→ **INFORMATION SUPPLIED**:
-------------------------

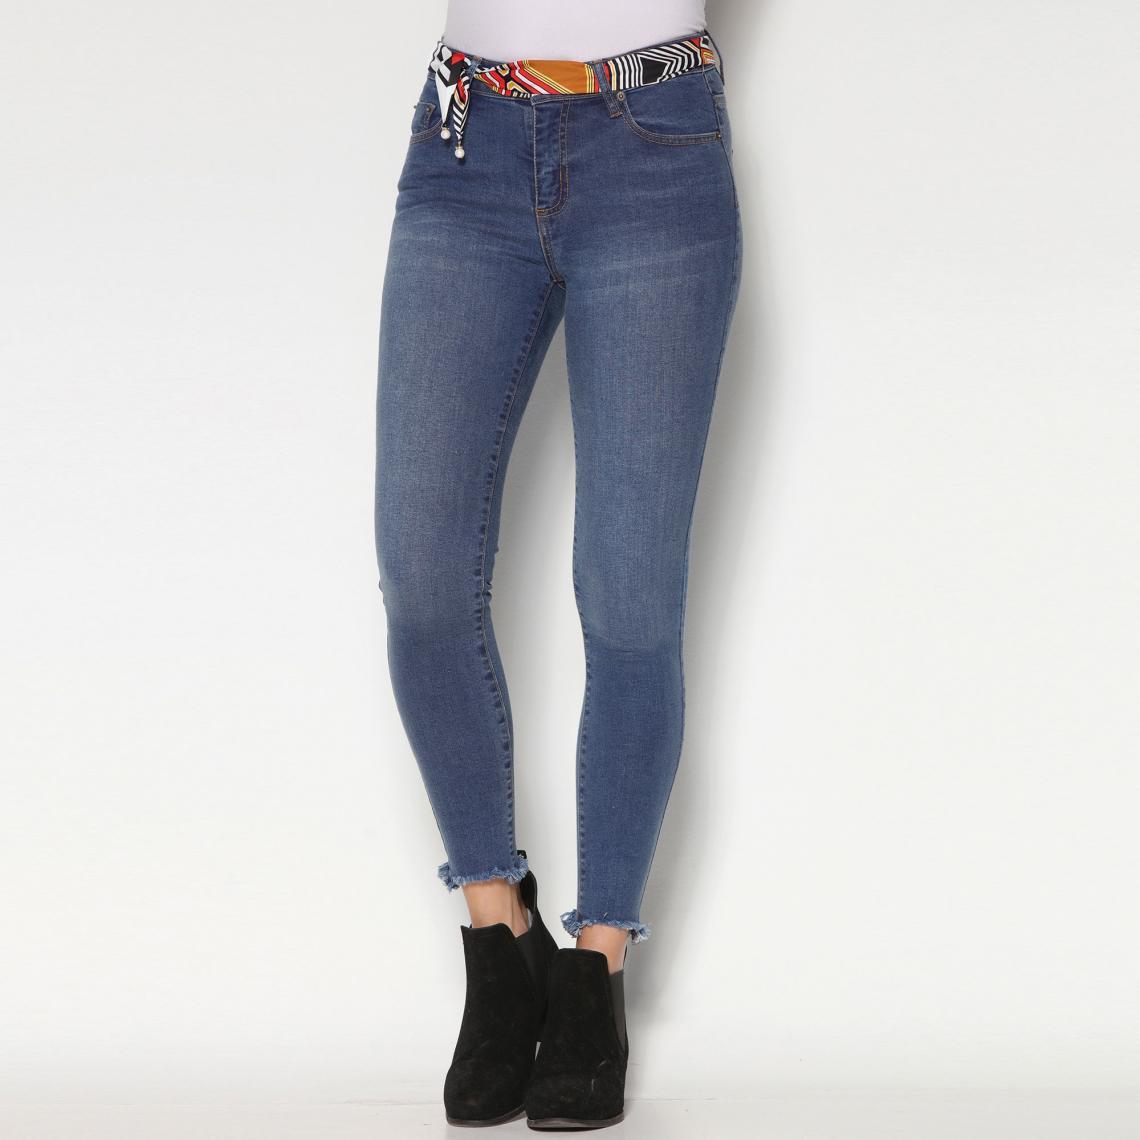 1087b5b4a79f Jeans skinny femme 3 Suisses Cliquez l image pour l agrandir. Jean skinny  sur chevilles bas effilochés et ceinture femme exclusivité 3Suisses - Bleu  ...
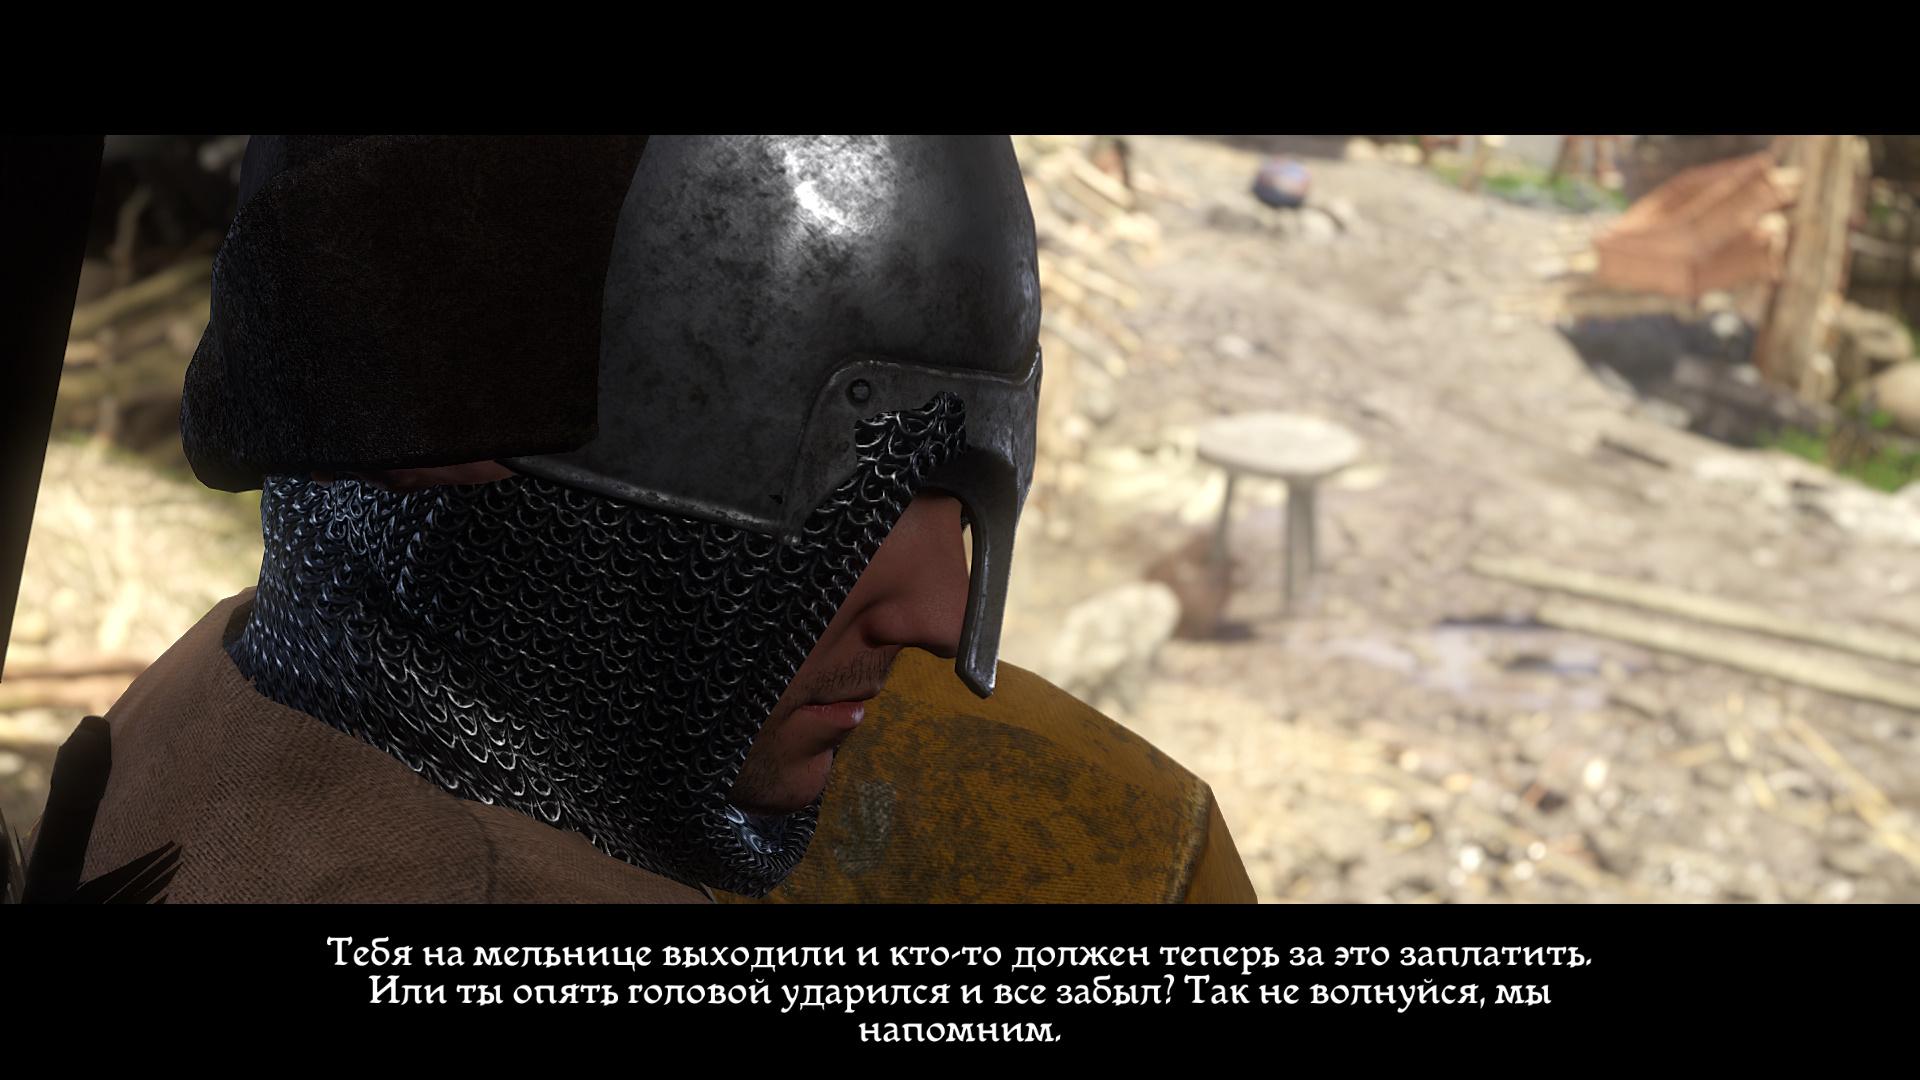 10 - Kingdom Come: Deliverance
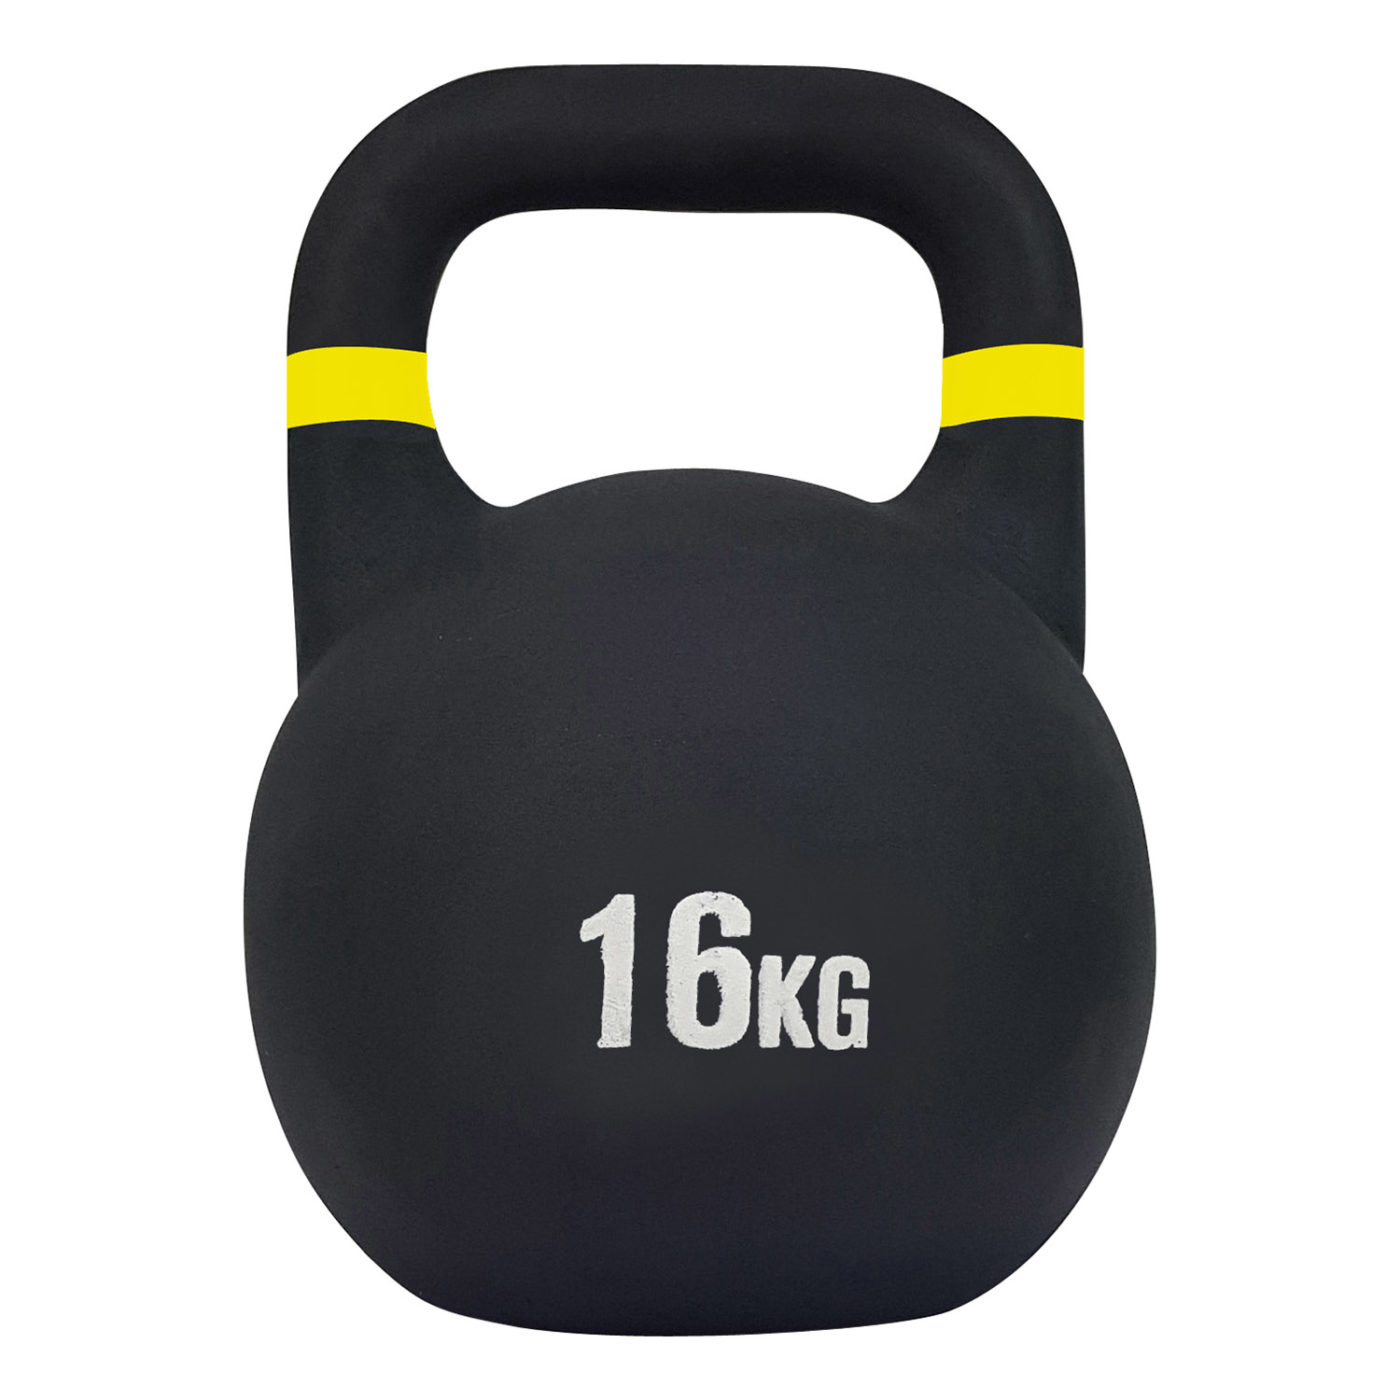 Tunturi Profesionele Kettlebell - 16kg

-------------------------

→ **PROBLEM**:
Would you please copy the listing exactly, omitting every picture?

→ **REPLY TO THE EXERCISE**:
 1087b5b4a79f Jeans skinny femme 3 Suisses Cliquez l image pour l agrandir. Jean skinny  sur chevilles bas effilochés et ceinture femme exclusivité 3Suisses - Bleu  ...
 10 - Kingdom Come: Deliverance
 Tunturi Profesionele Kettlebell - 16kg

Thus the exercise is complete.